Grundlage für die neue Familie ist der bereits bekannte humanoide Roboter Mornine. Seit seiner Vorstellung 2024 ist die biomimetische Assistenz mit lebensechtem Silikongesicht das Aushängeschild von Cherys Robotik-Ambitionen. Ausgestattet mit einem großen Sprachmodell (LLM) interagiert Mornine natürlich mit Menschen.

Der Roboter ist bereits in über 30 Ländern im Testeinsatz, vor allem als intelligenter Verkaufsberater in Chery-Autohäusern.

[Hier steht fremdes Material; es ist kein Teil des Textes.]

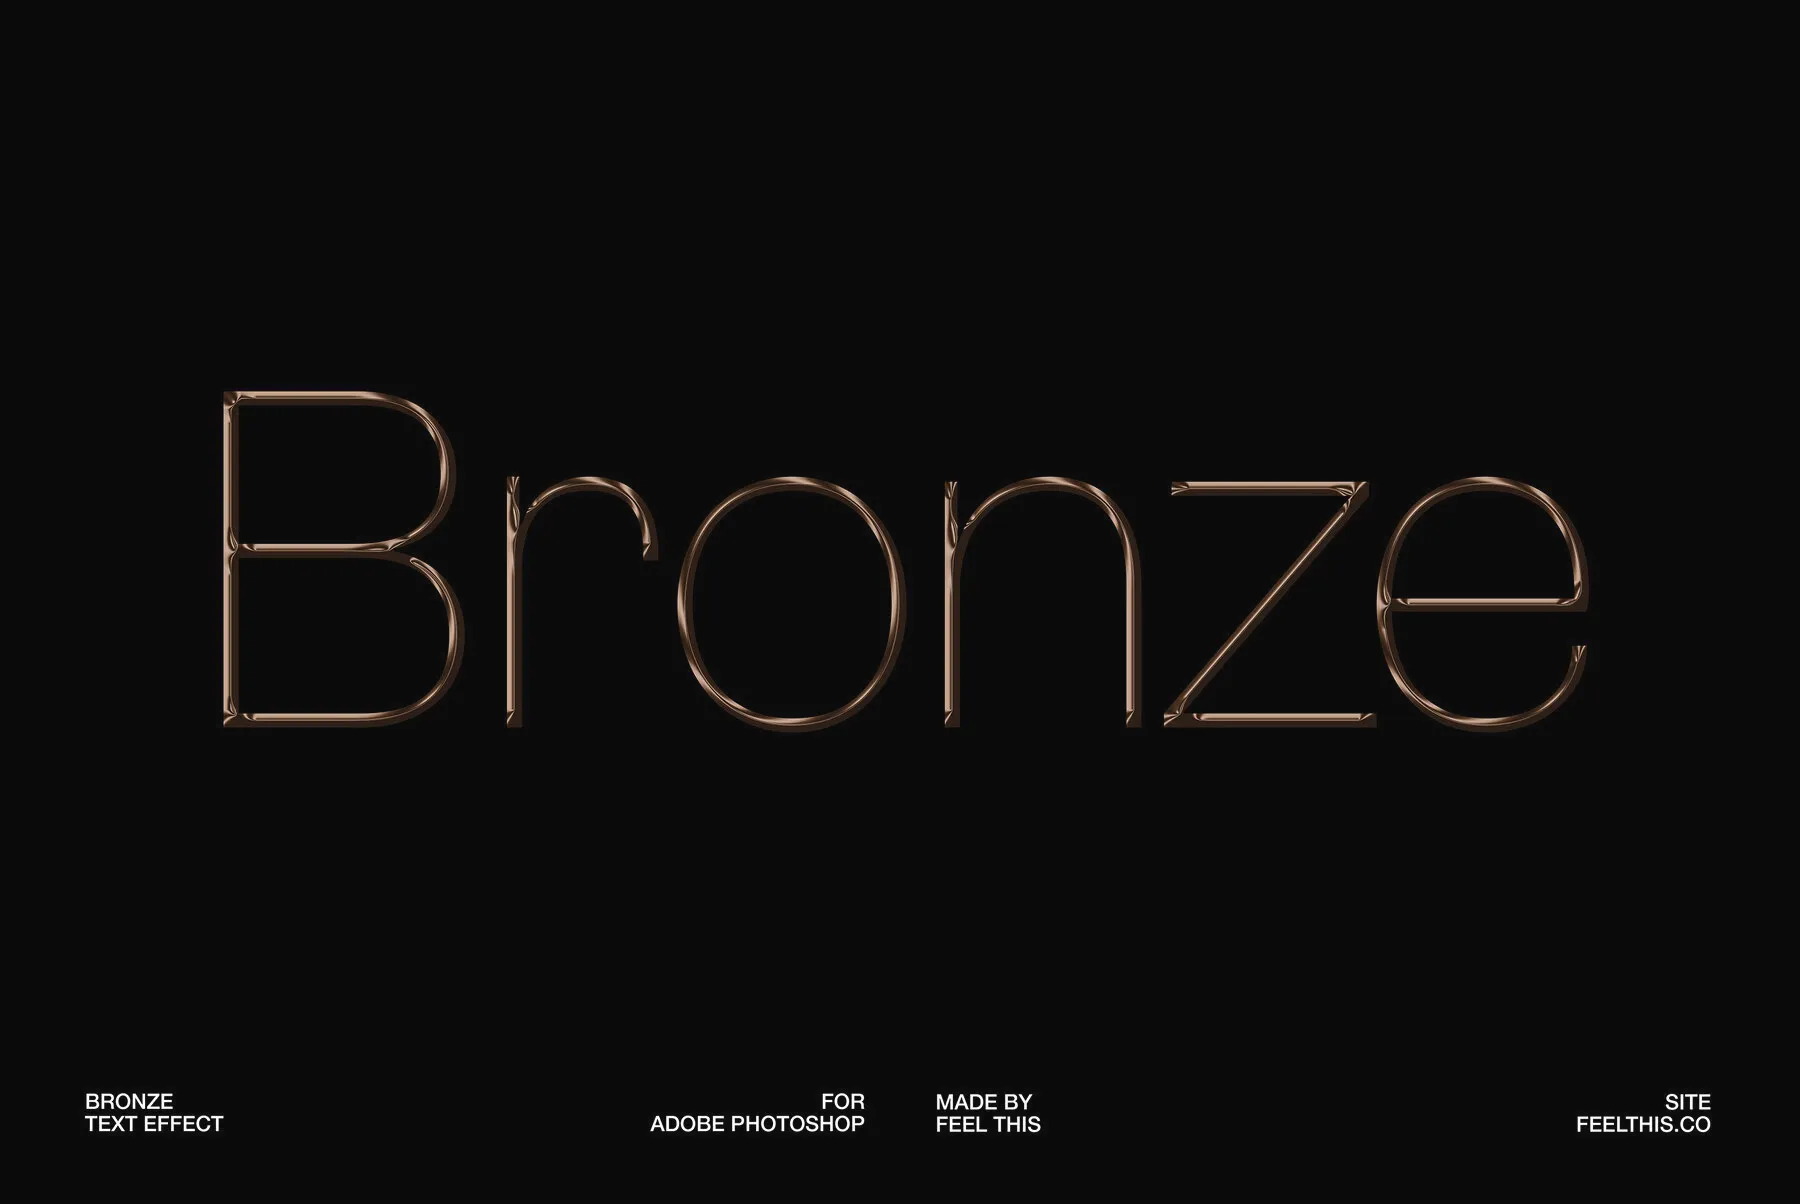 Bronze Text Effect

Ein entscheidender Schritt für den internationalen Markt ist geschafft: Mornine hat die vollständige EU-Zertifizierung für Hardware, Software und Cybersicherheit erhalten. Bis Ende 2025 lieferte AiMOGA bereits 300 humanoide Roboter und 1.000 Roboterhunde aus.

Wettbewerbsvorteil durch Automobil-Know-how

Mit dem forcierten Einstieg in die Robotik begibt sich Chery in ein hoch kompetitives Feld. Konkurrenten wie Tesla mit „Optimus“ oder Hyundai, das Boston Dynamics übernahm, verfolgen ähnliche Ziele. Doch Chery setzt auf einen Mix aus spezialisierten Robotern und der Humanoiden-Plattform.

Branchenbeobachter sehen einen klaren Vorteil für Automobilhersteller: Ihre tiefe Expertise in Serienfertigung, autonomer Fahrzeugtechnologie und globalen Lieferketten ist auf dem kapitalintensiven Robotik-Markt wertvoll. Chery überträgt automobiltaugliche Standards für Hardware und Systemintegration auf seine Roboter. Das Ziel ist ein schnellerer Weg vom Prototypen zum serienreifen, skalierbaren Produkt. Das Unternehmen hält das Zukunftspotenzial des Humanoiden-Marktes sogar für größer als das des Automobilmarktes.

Die Vision: Ein vernetztes Ökosystem

Die langfristige Strategie geht über einzelne Roboter hinaus. Chery plant ein integriertes Ökosystem, in dem Roboter und Fahrzeuge kommunizieren und zusammenarbeiten. Die Vision reicht von der intelligenten Fabrik über den Smart Home-Bereich bis zu öffentlichen Dienstleistungen. Die neu vorgestellten Modelle für Polizei und Pflege sind erste konkrete Bausteine dieser umfassenden Strategie.

Mit der AiMOGA Robot Family macht Chery deutlich, dass seine Zukunft nicht nur auf der Straße, sondern im gesamten Alltag der Menschen liegen soll. Der Schlüssel zum Erfolg der nächsten Automatisierungsgeneration könnten genau jene Prinzipien sein, die die moderne Autoindustrie definieren: Massenfertigung, intelligente Systeme und nutzerzentriertes Design. Die Frage ist nun, ob Chery die futuristische Vision auch in großem Maßstab in die Realität umsetzen kann.